アーティスト:Tatsuro Aoyama インタビュアー:まりりん(Maririn) 翻訳・編集・校正:BELONG Media / A-indie

-まりりん:前作の『Leaves』から一年半ぶりのリリースですよね。前作はアルバム全体が柔らかな雰囲気の作品だと思って聴いていたんですけど、今回はガラッと変わって、耽美なムードで轟音系でしたので、この一年半でどういう心境や環境の変化があったのかなと。

Tatsuro Aoyama:ファーストアルバム『Leaves』は、それまでにバンドとしてやってきた様々な音楽を一つの形にした作品だったんですけど、今思うとあの作品はまだ自分たちが聴いてきた音楽をなぞっている気がして。その感覚に気づいてから、これまで以上に、受けてきた影響をいかに自分たちなりに落とし込むかを追求していました。 プレイヤーが4人いるんですけど、その4人それぞれのルーツやスタイルをもっとピュアに表現しようとなった結果が今作ですね。

身体性を追求したレコーディング

-まりりん:いただいた資料やライナーノーツの中に、”バンドアンサンブルの身体性”という言葉がありました。これはどういう流れでこのテーマになったんでしょうか?作っていく中で後から気づいたのか、それとも最初から?そもそも”バンドアンサンブルの身体性”とはどういうことなのか教えていただけますか。

Tatsuro Aoyama:今の時代、レコーディングもデジタルなアプローチで、切り貼りしたり、音をうまく加工したりできるじゃないですか。ファーストでも各々の演奏というより、録れた音をどう良くするかみたいな側面が強かった気がしていて。でも今回はそれをやめて、”録り音”の時点で、”これだ”という瞬間をいかにパッケージングするかにこだわりました。そういうものではないと、時代に残る、あるいは本当に価値のある音楽は作れないという思想になって。いかにスタジオで全員でセッションしてる時の空気感をパッケージできるかということですね。

-まりりん:レコーディングの時は、みんなで合わせて一気に録るというより、それぞれの楽器ごとに録ったんですか?

Tatsuro Aoyama:スタジオの都合上、全員で一気に演奏はできなかったんですけど、バッキングの僕とベース、ドラムの3人は、メトロノームなしで一発録りをしました。その勢いで録ったテイクを土台にして他のトラックを重ねていく、という流れでしたね。
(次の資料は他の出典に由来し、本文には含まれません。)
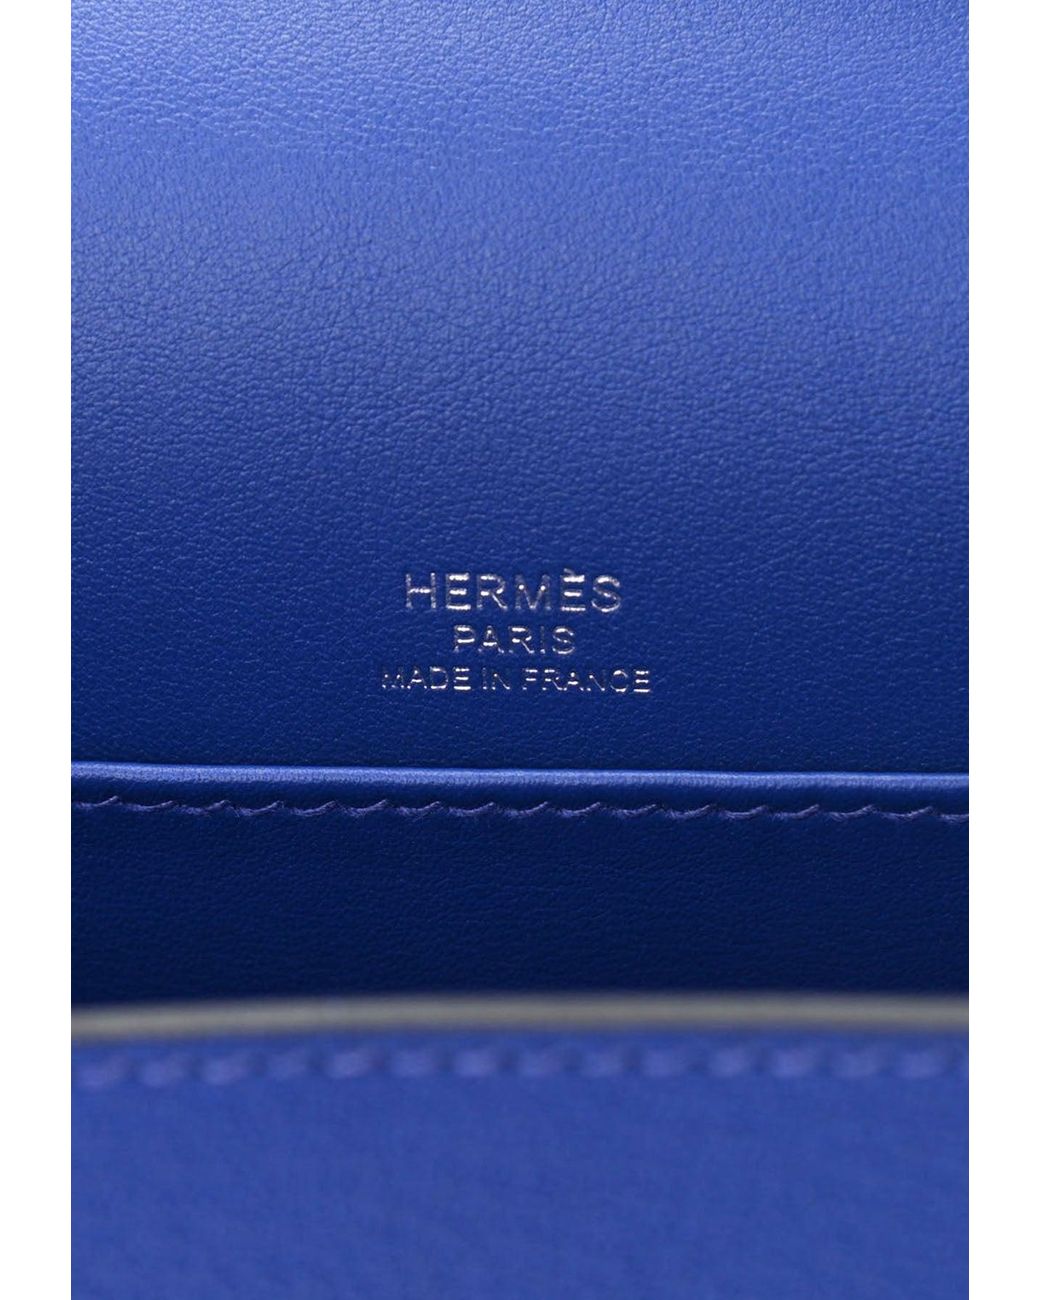 Pre Loved Hermes Chevre Mysore Geta Bag – Bluefly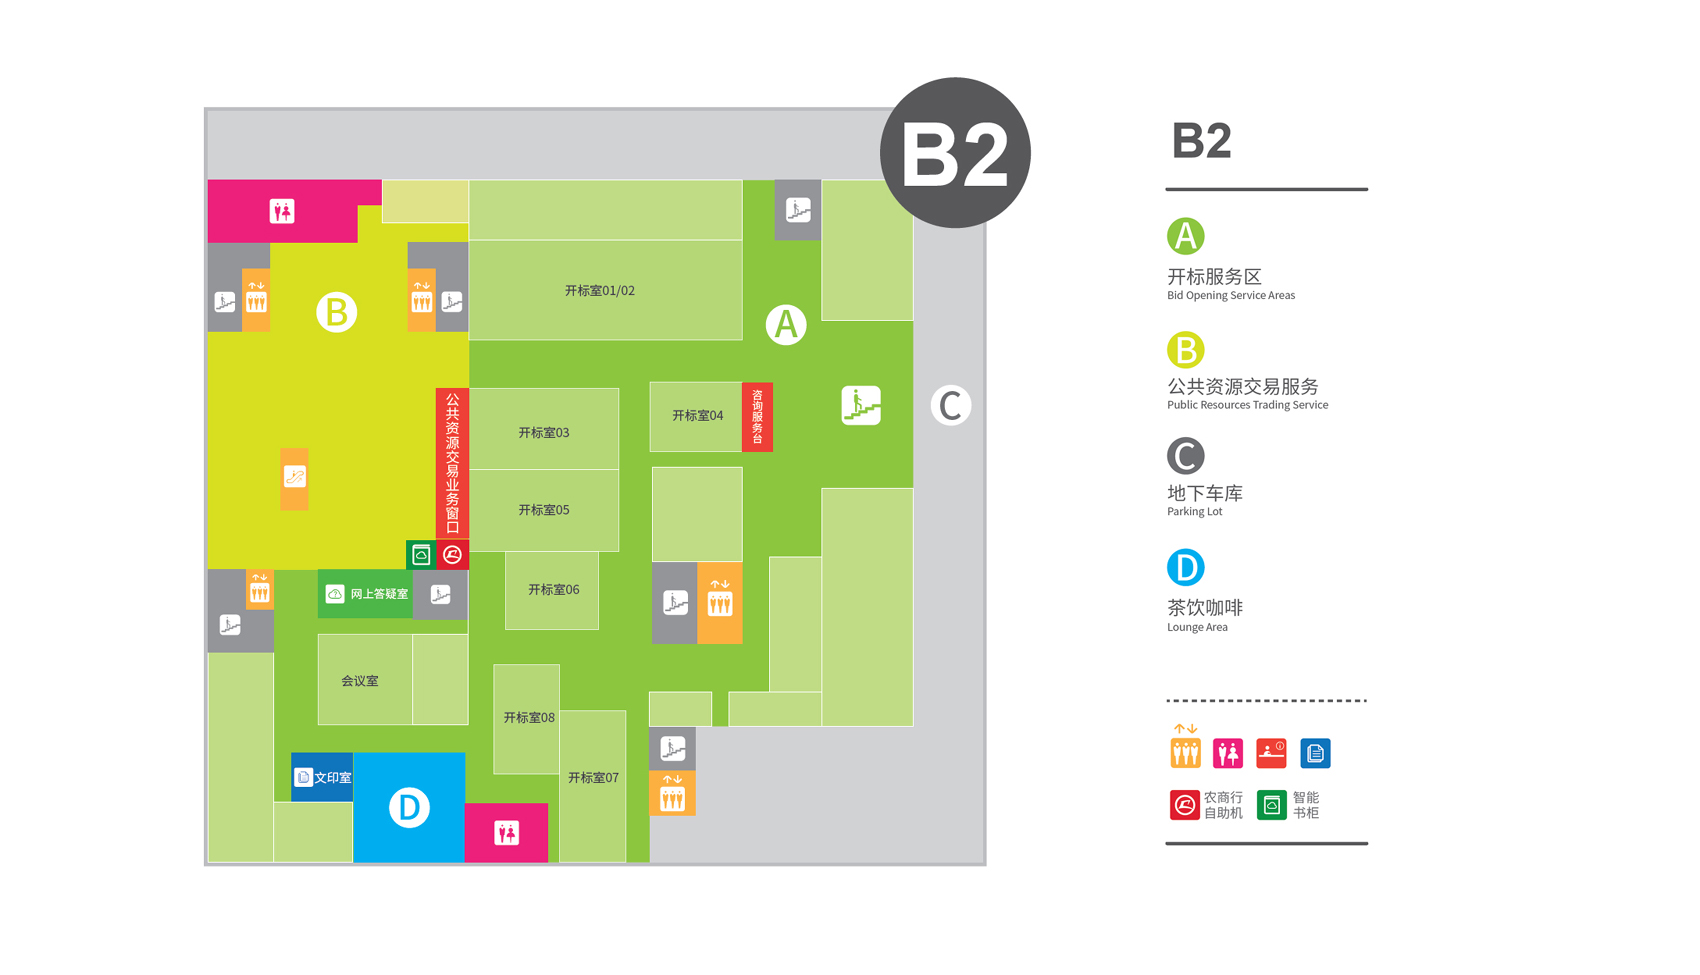 昆山市政务服务中心室内设计 / 上海思域室内设计

-まりりん:頭から終わりまで3人で一気に録音したと。

Tatsuro Aoyama:そうです。考えすぎずにやりましたけど、とても楽しかったですね。前のアルバムは全部メトロノームありで、ドラムから綺麗に録って、次にベース、というようにベーシックどおりにきっちり録って、うまく録れたか録れていないかという判断だったんですけど、今回はその場のノリで録ったものを全部使いました。

-まりりん:今作は様々な楽器が入ってるけど、ライブだと音が違うんだろうなという印象もほとんどなくて、そのままパッケージされてる印象がありました。

Tatsuro Aoyama:そうですね。さっきの話にも繋がるんですけど、例えばドラムのビートも、今の技術なら全部きっちり合わせて上手に聞こえるように作り込めるんですよ。でもそこに全く魅力を感じなくなって。極端に言えば、ここのドラムは前のめりにリズムを刻んでるけど、そこに対してベースは少し後ろで乗ってる、みたいな生々しいところに愛おしさを感じます。そういう意味でのパッケージングであり、変に”正しすぎない”というところに演奏したメンバーでしか出ない音があるという。そういう”誰がやるか””誰がやったか”という個性を大事にしました。

ライブという転機


-まりりん:ちなみに、そういうアプローチの方がいいなと気づいたきっかけはあるんですか?

Tatsuro Aoyama:ライブですね。ファーストアルバムを作り終わって何回かライブをやった段階で、”なんで自分たちはライブをしているんだろう”って感じていた時期があって。その時は出来上がってる曲をいかに上手く”再現”するか、ということをライブでやってて。台本を読む感じだったんです。だからライブをやっても面白くないのかもと思って。それから色々考えて、その時その時の演奏でジャズ的な即興性をもってプレイすることに面白さを見出したんです。決まってるコードや音を意図的に”外し”に行くというような。他の3人との和音のズレが生まれるんですけど、それが逆に良くて。要は、より面白く音楽をやりたいと思ったからですね。

-まりりん:他のメンバーから”あいつ突然ミスったな”という感じにはなりませんでした?

Tatsuro Aoyama:なりませんでした。頻繁に会ってるんでよく話すし、俺がそういう気分だというのも分かってくれてると思うんで。俺も他のメンバーに”もっと自由にやってほしい”と言うし。そこはどちらかと言うと、全員で即興的にやるというより、バンドメンバーでどうより面白くやるか、という流れになりましたね。